In terms of frying, palm oil is stabilized through the refining process and as a result of the high saturated fat content, so it has a very high smoke point at 455º F. However the health concerns and concerns about ethical production methods have left many chefs looking elsewhere for fry oil.

One prominent type of establishment that uses palm oil regularly is movie theaters, where palm oil that’s been colored yellow is used for fast, cost-efficient pop corn. 

8. Coconut Oil

Oil
Claire Waggoner

Coconut oil can be used for so many things besides cooking, including moisturizing, conditioning, oil pulling, and more.

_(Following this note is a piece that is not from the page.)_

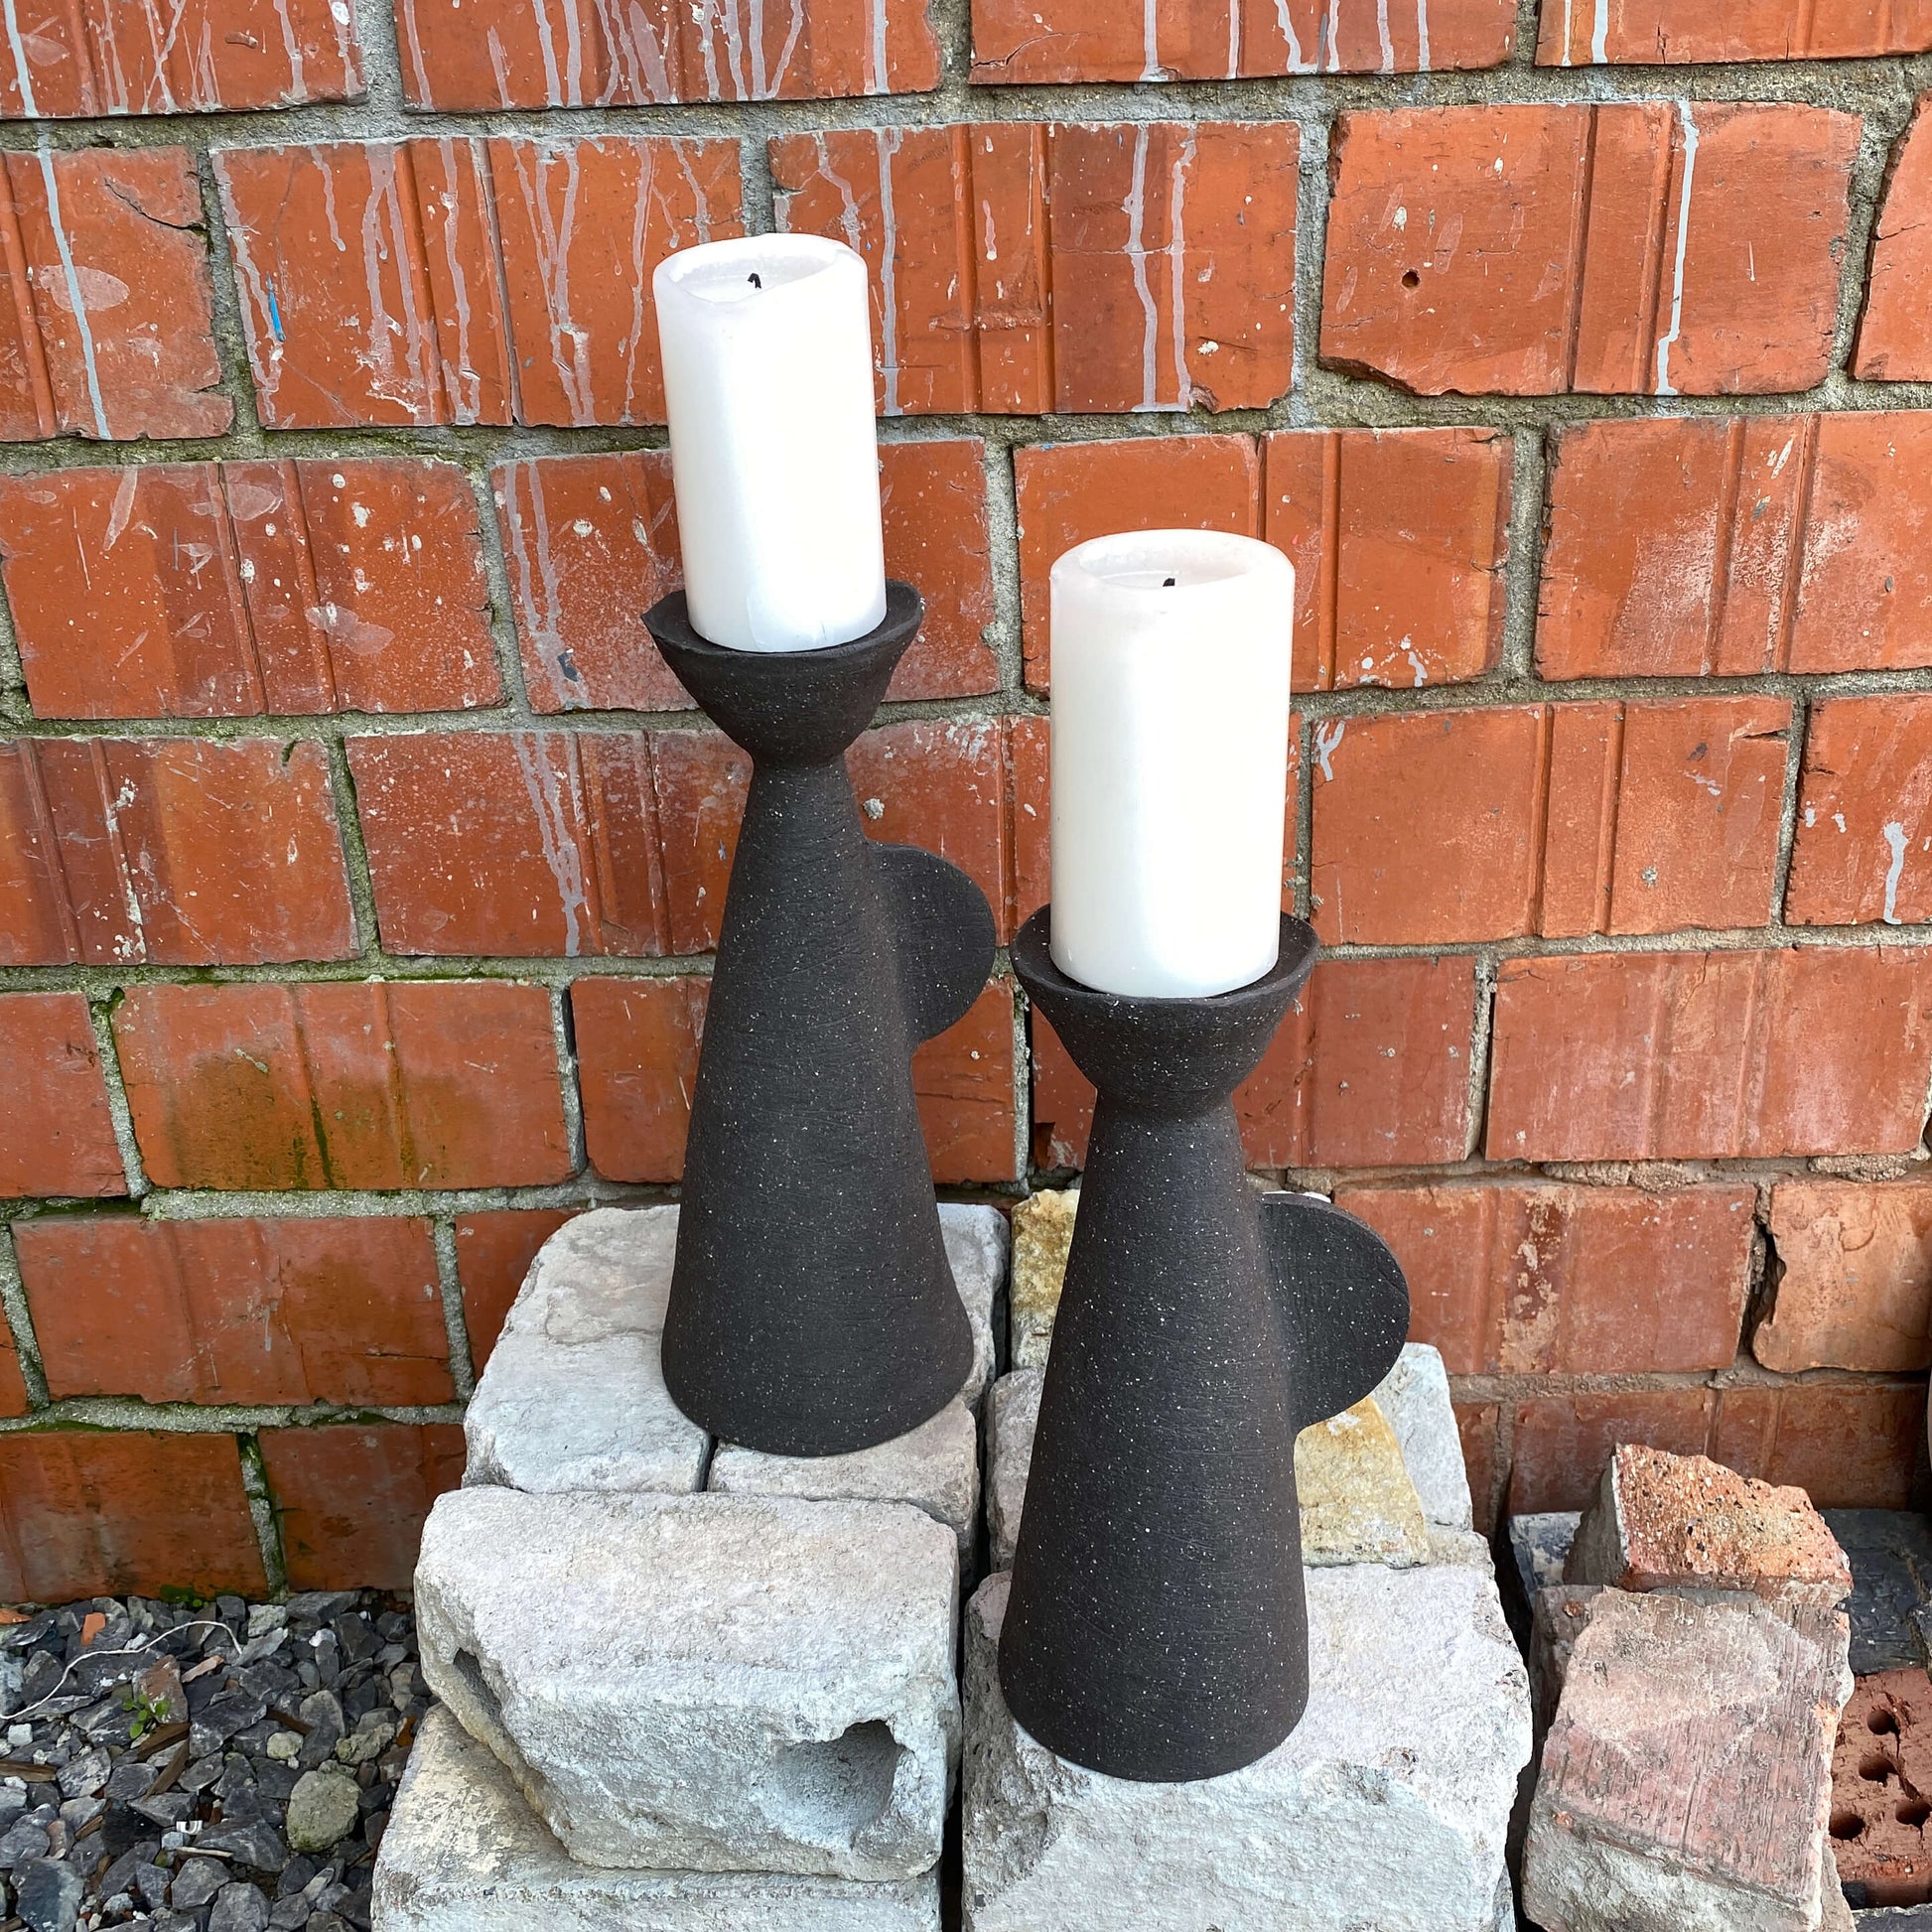 Black ceramic candle holders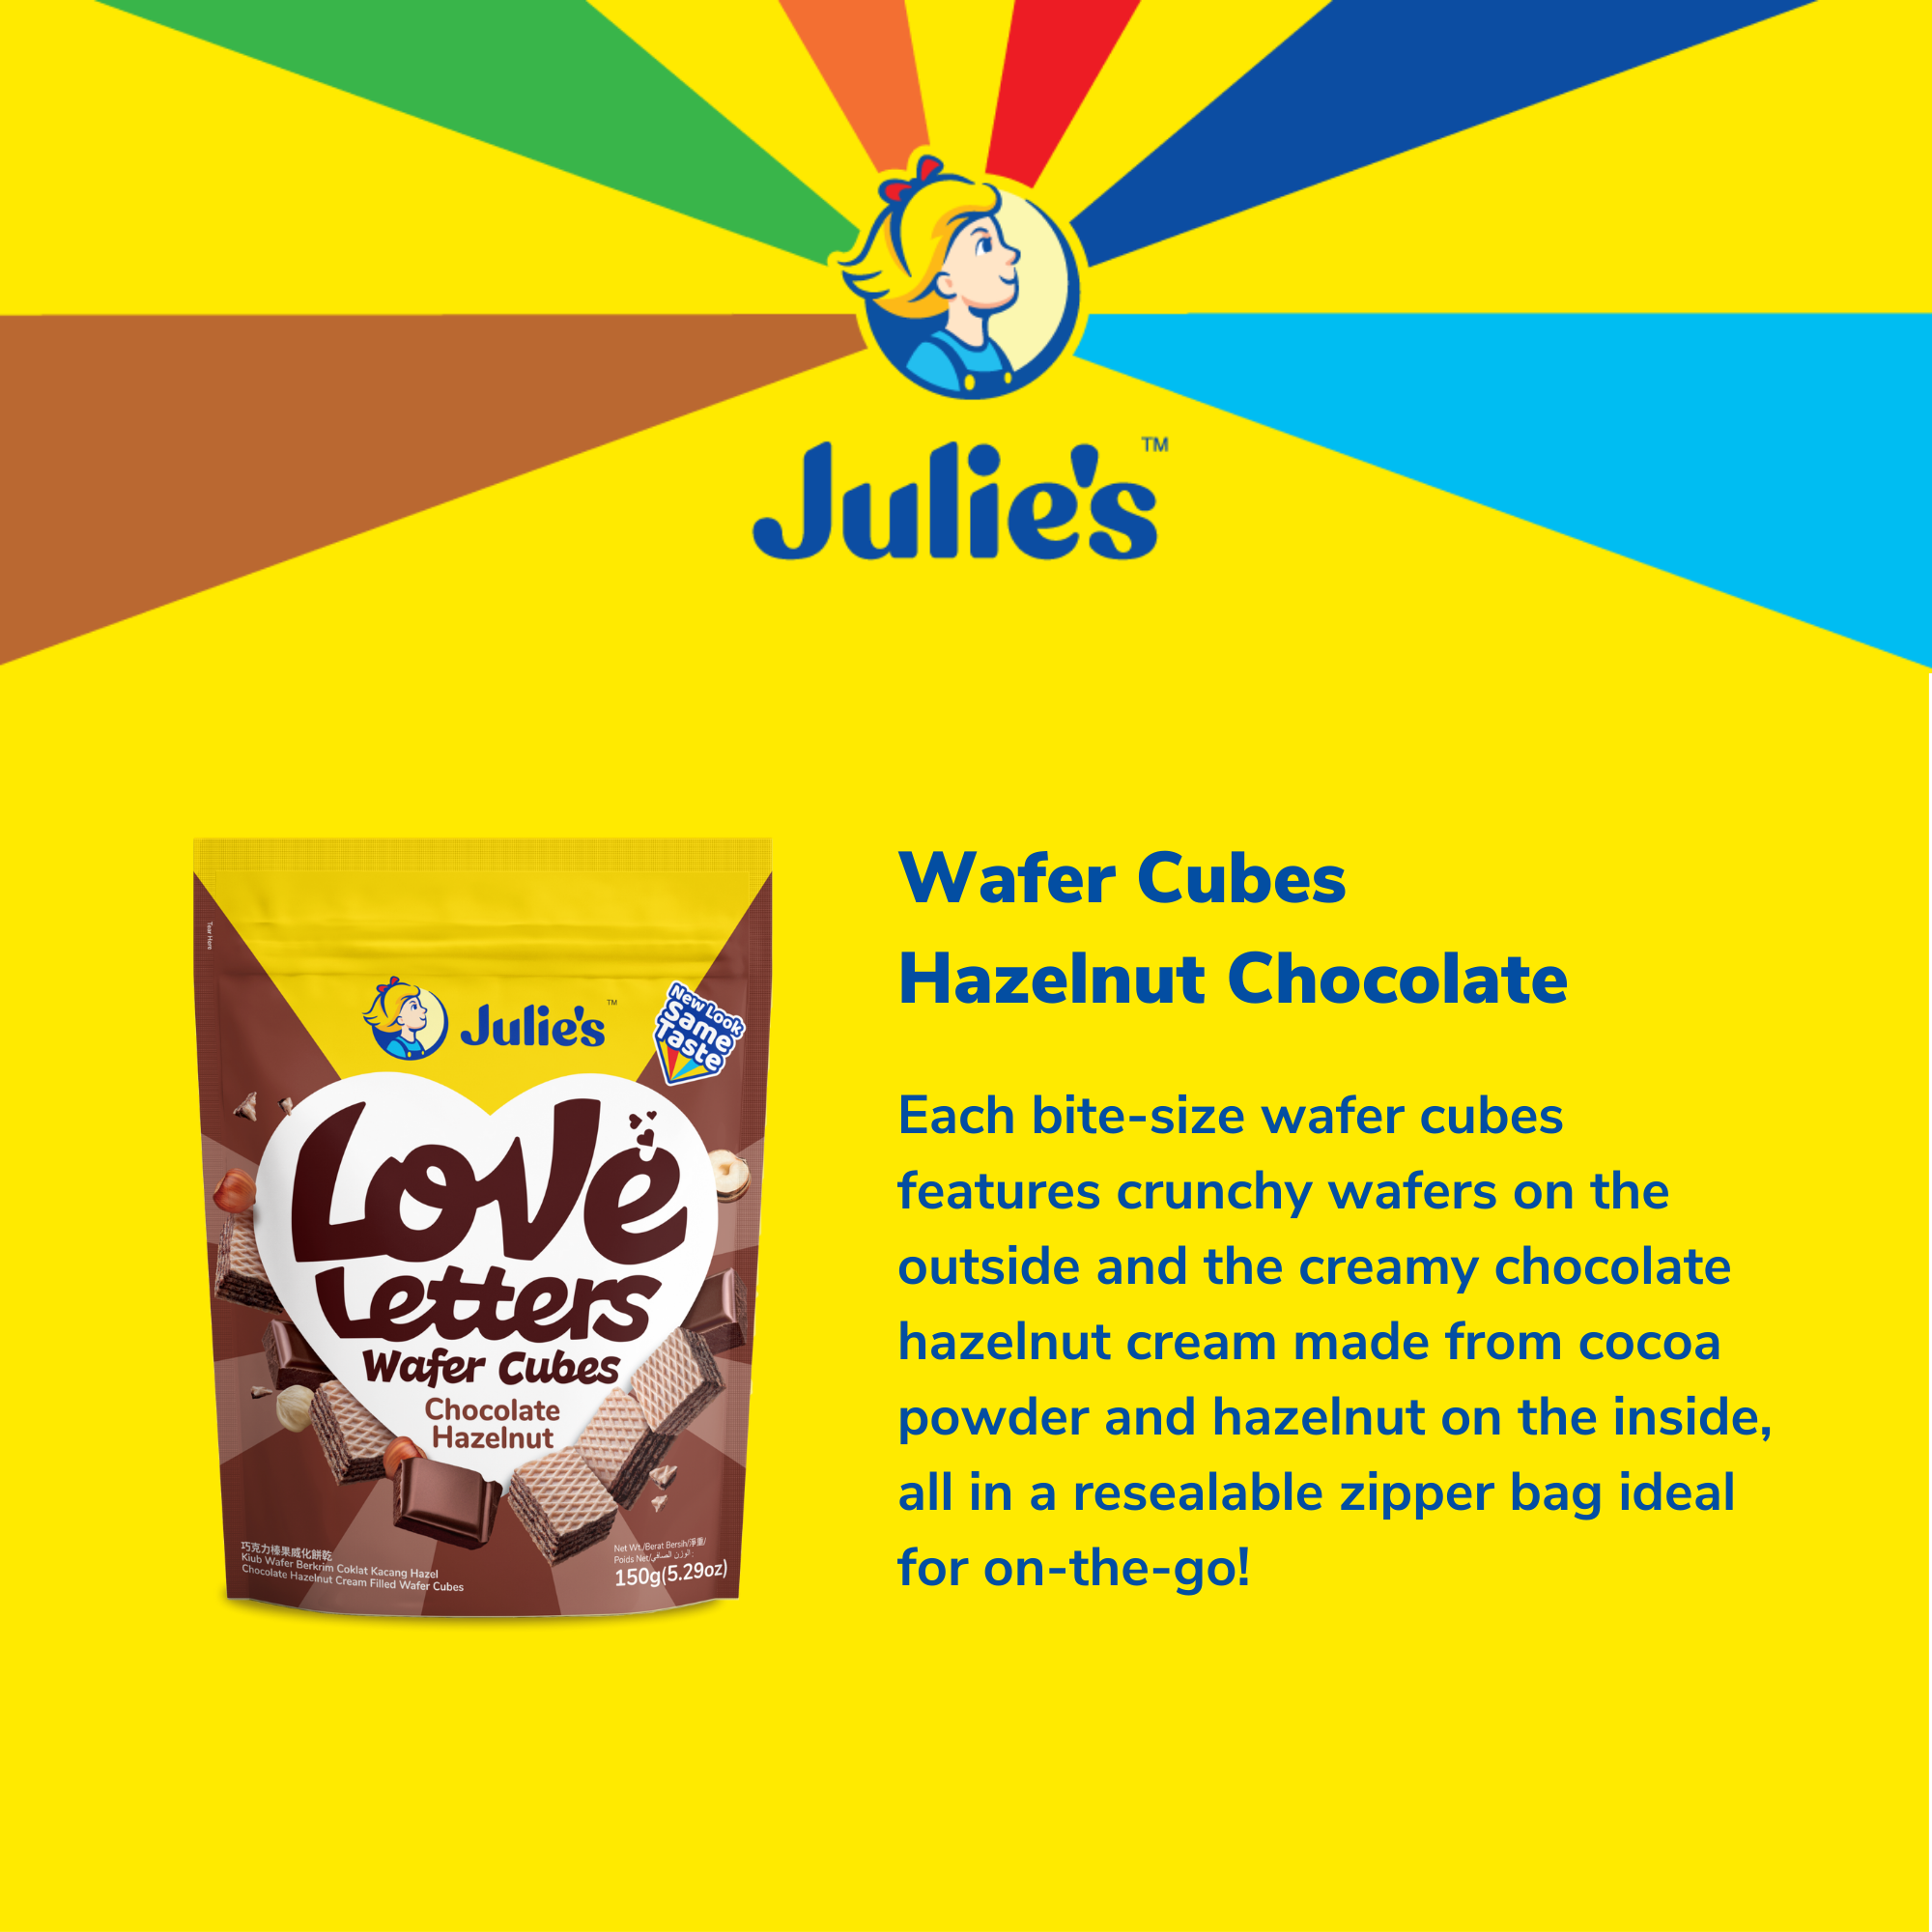 Julie's Love Letters Wafer Cubes Chocolate Hazelnut 150g x 2 packs

It’s high in saturated fats (the highest on this list) and solid at room temperature, unlike most vegetable oils. 

Compared to other oils high in saturated fats, coconut oil has a low smoke point of 350º F, making it a poor choice for high heat frying, which also happens to be the healthiest method. The advantages of coconut oil are its price ($1.53 per pound) and ability to be reused without holding on to flavors. Though coconut oil is currently portrayed as the solution to everything, its health risks outweigh the benefits when it comes to cooking. 

The Verdict

Though the flavor boost of animal fats and the trendiness of avocado or coconut oils may be tempting, for a stable, affordable oil that produces consistent results and has the lowest amount of saturated fat among the oils discussed here, good old canola oil is your best bet. Happy frying!